Email bodies and attachment metadata are cached per-folder in ~/.cache/matcha/email_bodies/. When a user views an email:

  1. The cache is checked first (GetCachedEmailBody).
  2. If found, the cached body is returned instantly without a network call.
  3. If not found, the body is fetched from the server and saved to cache (SaveEmailBody).
  4. When folder emails are refreshed, stale body cache entries (for emails no longer on the server) are pruned (PruneEmailBodyCache).

Attachment binary data is not cached — only metadata (filename, MIME type, part ID, etc.) is stored. Attachment downloads always go to the server.

OAuth2 / XOAUTH2

Accounts with auth_method: "oauth2" use the XOAUTH2 mechanism instead of passwords. This is supported for Gmail and Outlook. The flow works across three layers:

  1. config/oauth.go — Go-side orchestration. Extracts the embedded Python helper to ~/.config/matcha/oauth/, invokes it to run the browser-based authorization flow (RunOAuth2Flow) or to retrieve a fresh access token (GetOAuth2Token). The IsOAuth2() method on Account checks the auth method.
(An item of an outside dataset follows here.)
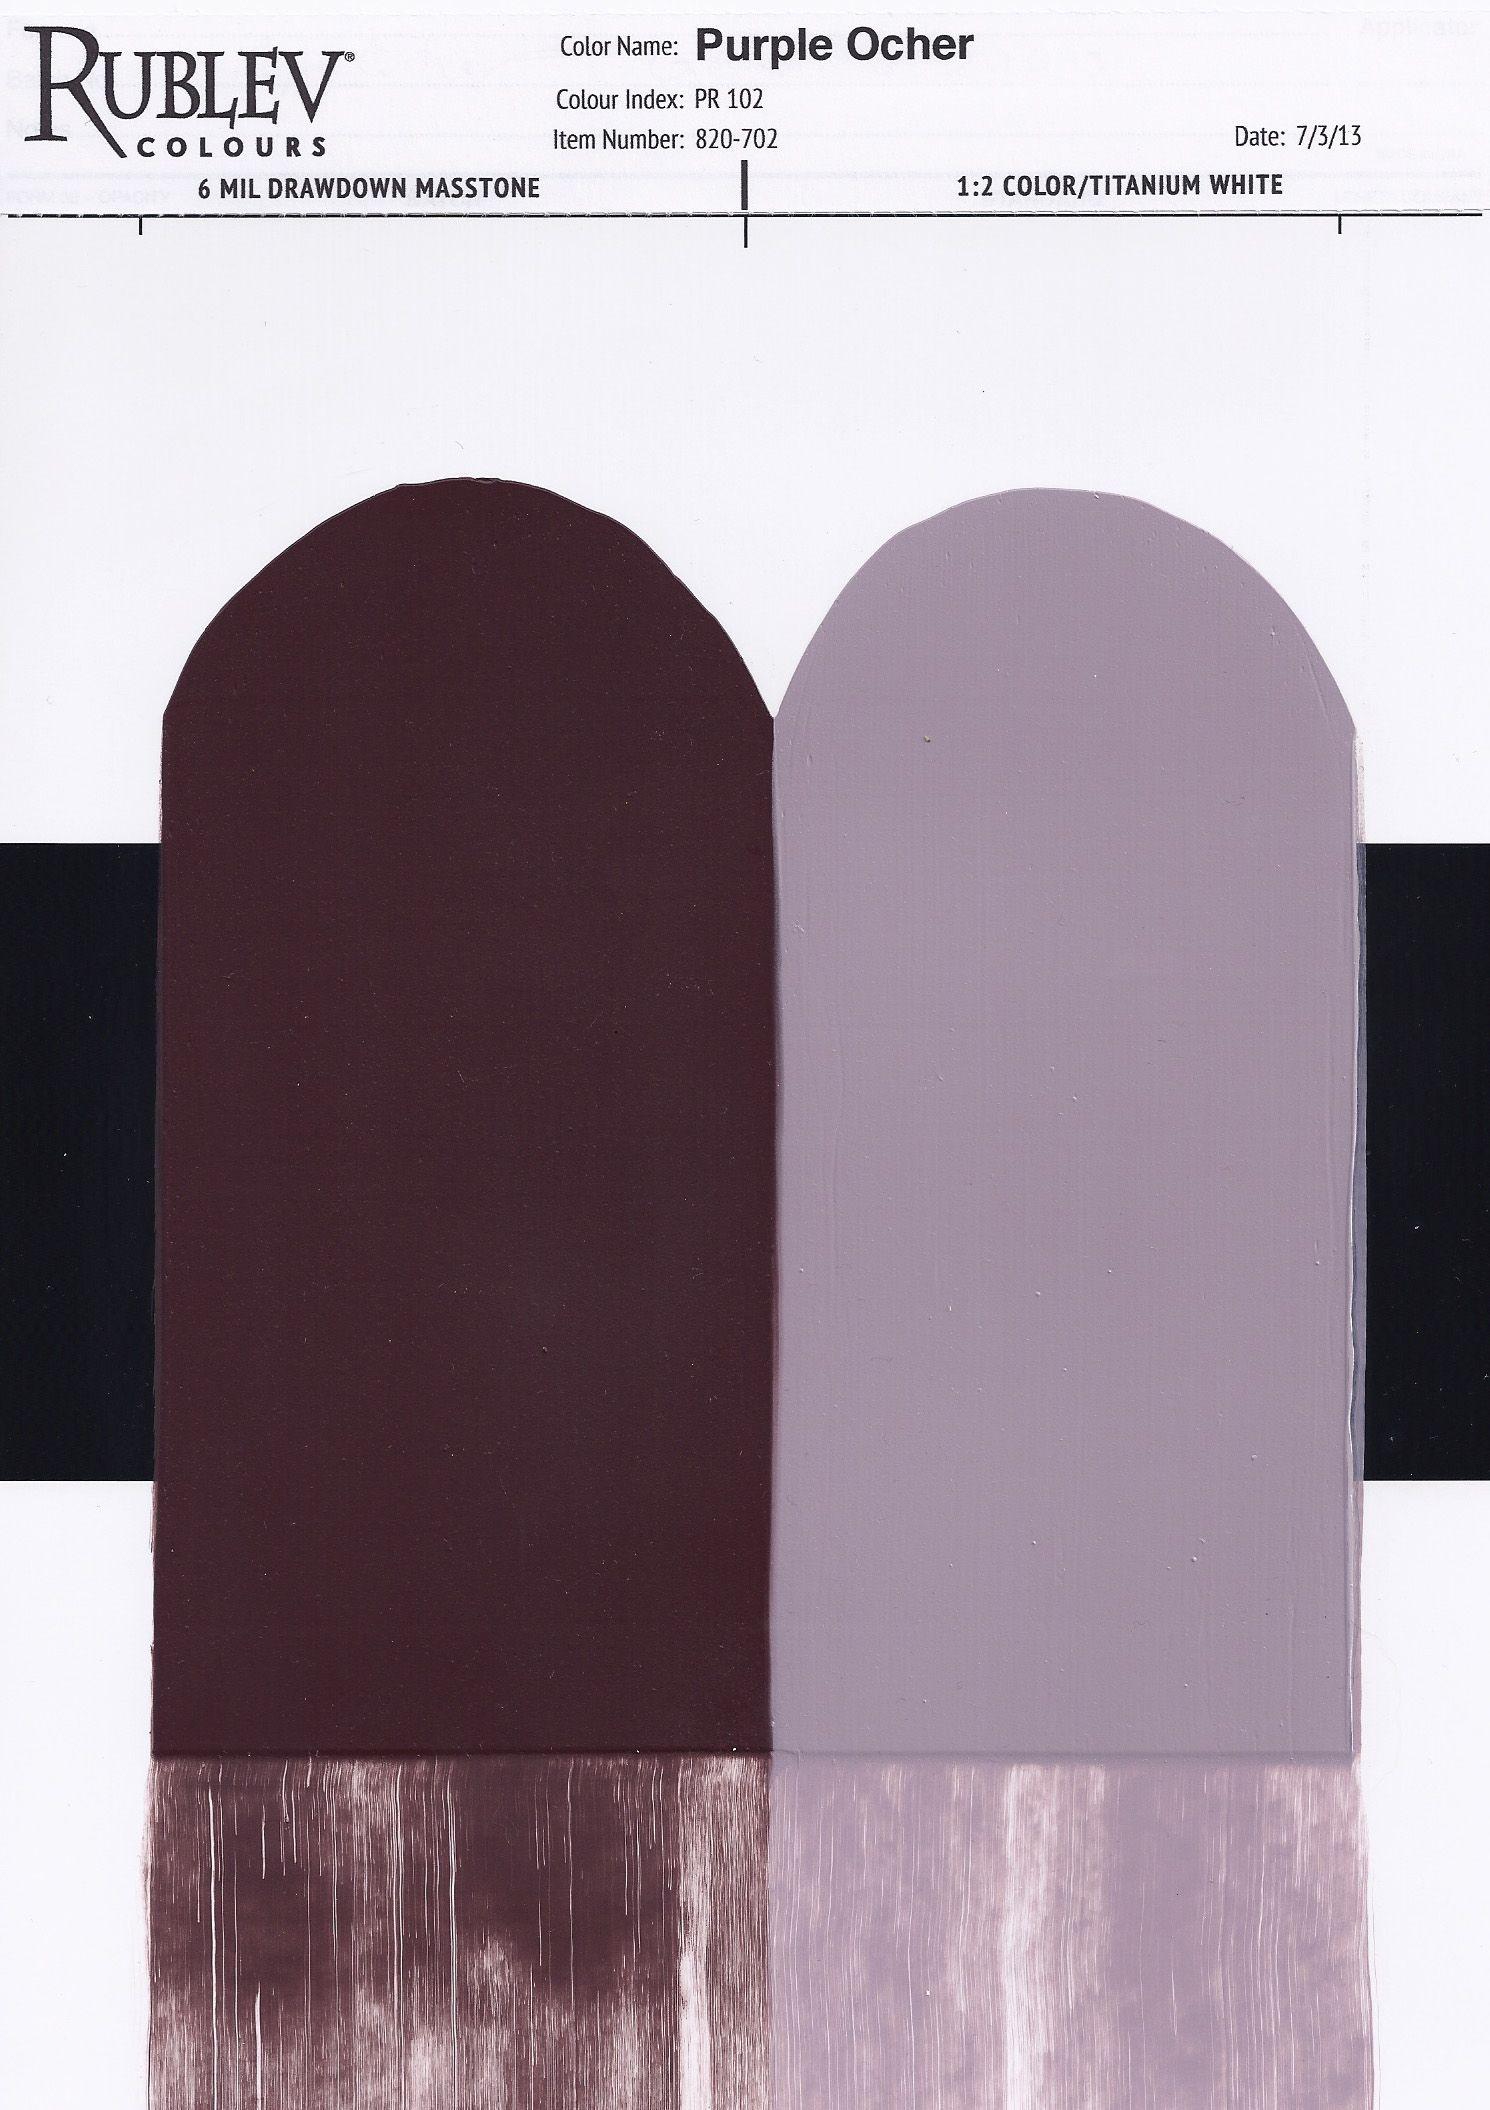 Rublev Colours Oleogel Rublev Colours Purple Ocher

  2. config/oauth_script.py — Embedded Python script that handles the full OAuth2 lifecycle for both Gmail and Outlook:

    • auth — Opens a browser for authorization (Google or Microsoft), captures the callback on localhost:8189, exchanges the code for tokens, and saves them to ~/.config/matcha/oauth_tokens/. The provider is auto-detected from the email domain or can be specified with --provider.
    • token — Returns a fresh access token, automatically refreshing if expired (with a 5-minute buffer).
    • revoke — Revokes tokens and deletes local storage.
    • Client credentials are stored per provider: ~/.config/matcha/oauth_client.json (Gmail), ~/.config/matcha/oauth_client_outlook.json (Outlook).
  3. fetcher/xoauth2.go — Implements the XOAUTH2 SASL mechanism (sasl.Client interface) for IMAP/SMTP authentication. Formats the initial response as user=<email>\x01auth=Bearer <token>\x01\x01 per the XOAUTH2 protocol spec.